ZBTB7A and TGF-β1 possess dual, but context-dependent effects on tumor formation and development. Furthermore, ZBTB7A has been demonstrated to be a potential transcriptional regulator of TGF-β1 expression in human atherosclerotic arteries (19). In addition, TGF-β1 suppresses ZBTB7A expression in human bladder cancer cells (20). In the present study, the association between ZBTB7A and TGF-β1 was investigated in breast cancer. First, the effect of TGF-β1 on ZBTB7A expression was evaluated, which revealed that TGF-β1 significantly induced the expression of ZBTB7A through the PI3K-Akt signaling pathway in MCF-7 cells. TGF-β1 has been reported to suppress ZBTB7A expression in human bladder cancer cells, which is inconsistent with the results of the present study in breast cancer cells. The inconsistency may be explained by the context-dependent function of TGF-β1 and ZBTB7A in different tumor stages and tumor types, as described in previous studies (2–7,9–11). Next, the effect of ZBTB7A on TGF-β1 expression was evaluated, and it was revealed that the ectopic expression of ZBTB7A led to significant downregulation of TGF-β1 mRNA and protein expression levels in MCF-7 and 293T cells. The potential mechanisms of ZBTB7A-induced TGF-β1 expression were further evaluated, and ZBTB7A was demonstrated to inhibit the promoter activity of TGF-β1 PP1 (−702-+1 fragment) and TGF-β1 PP2 (−512-+1 fragment), suggesting that ZBTB7A regulates the transcription of TGF-β1 through the fragment of −512-+1 within TGF-β1 promoter sequences. However, the EMSA assay confirmed that ZBTB7A did not bind to the TGF-β1 promoter directly, indicating that ZBTB7A may suppress the promoter activity of TGF-β1 indirectly.

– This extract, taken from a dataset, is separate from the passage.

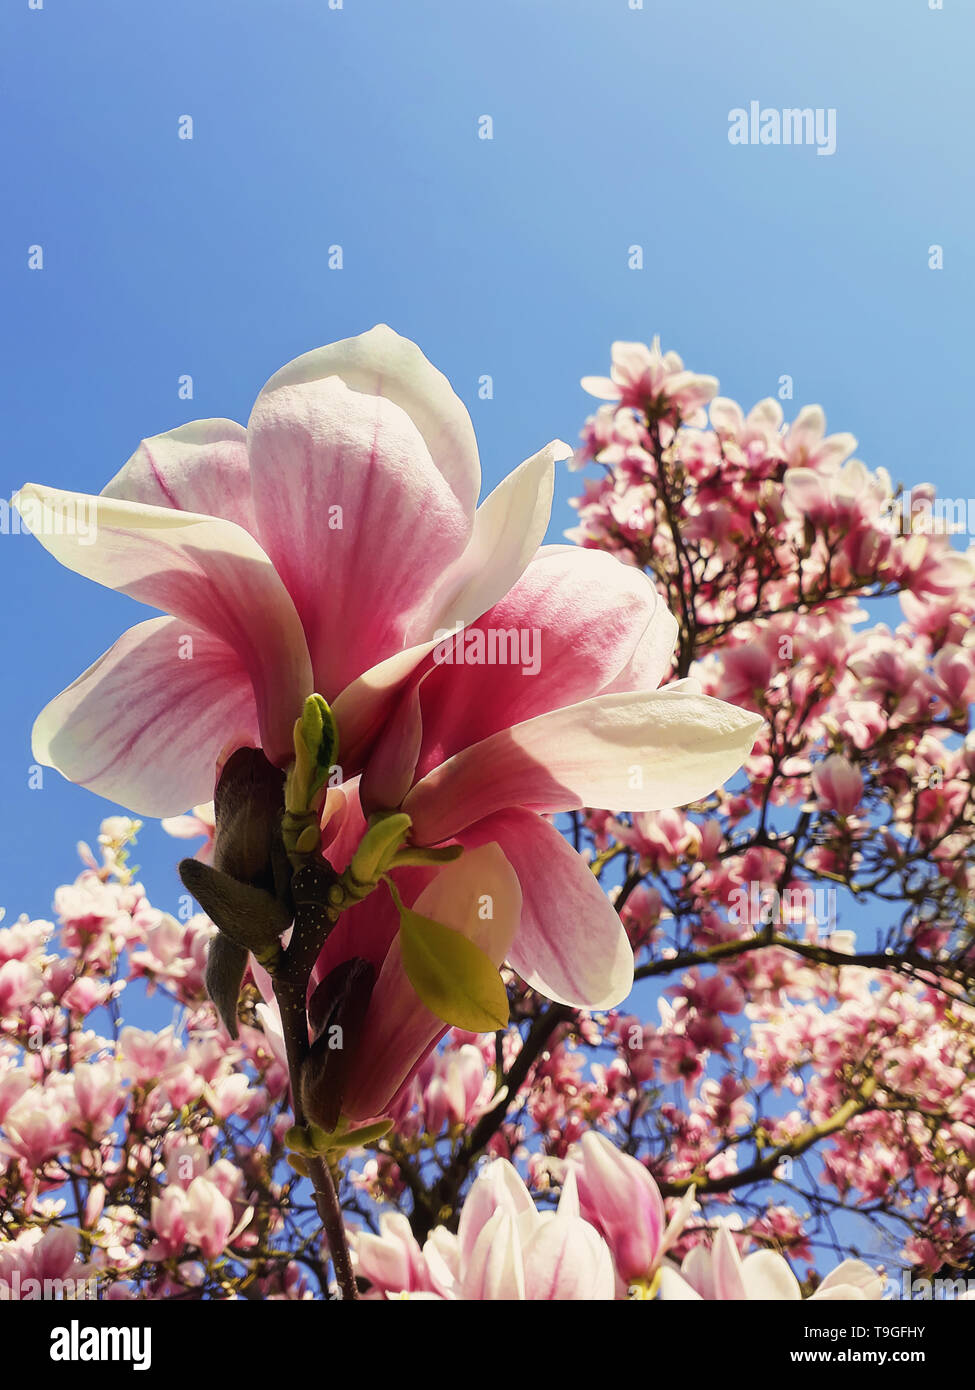 Wild pink magnolia tree buds blooming, floral pattern over blue sky. Spring flower cluster blossoms close up on the branches in the park. Beautiful na Stock Photo

Taken together, the results of the present study suggested a negative feedback loop between ZBTB7A and TGF-β1 in breast cancer cells. To further confirm the results obtained from the cell model, a tissue microarray with 185 breast cancer samples was used, and the association between ZBTB7A and TGF-β1 expression was assessed. No significant correlation between the expression of ZBTB7A and TGF-β1 in breast cancer tissue was identified from the clinical data. The results of the tissue microarray were further confirmed using the Bittner breast data set in Oncomine, with 335 breast cancer cases. The results obtained from clinical analysis supported the existence of the negative feedback loop between ZBTB7A and TGF-β1 in breast cancer, resulting in the balance and homeostasis of ZBTB7A and TGF-β1 expression.

In conclusion, to the best of our knowledge, this is the first study to reveal a negative feedback loop mechanism between ZBTB7A and TGF-β1 in breast cancer, which may aid in understanding the pleiotropic functions of ZBTB7A in the TGF-β signaling network and in breast cancer progression.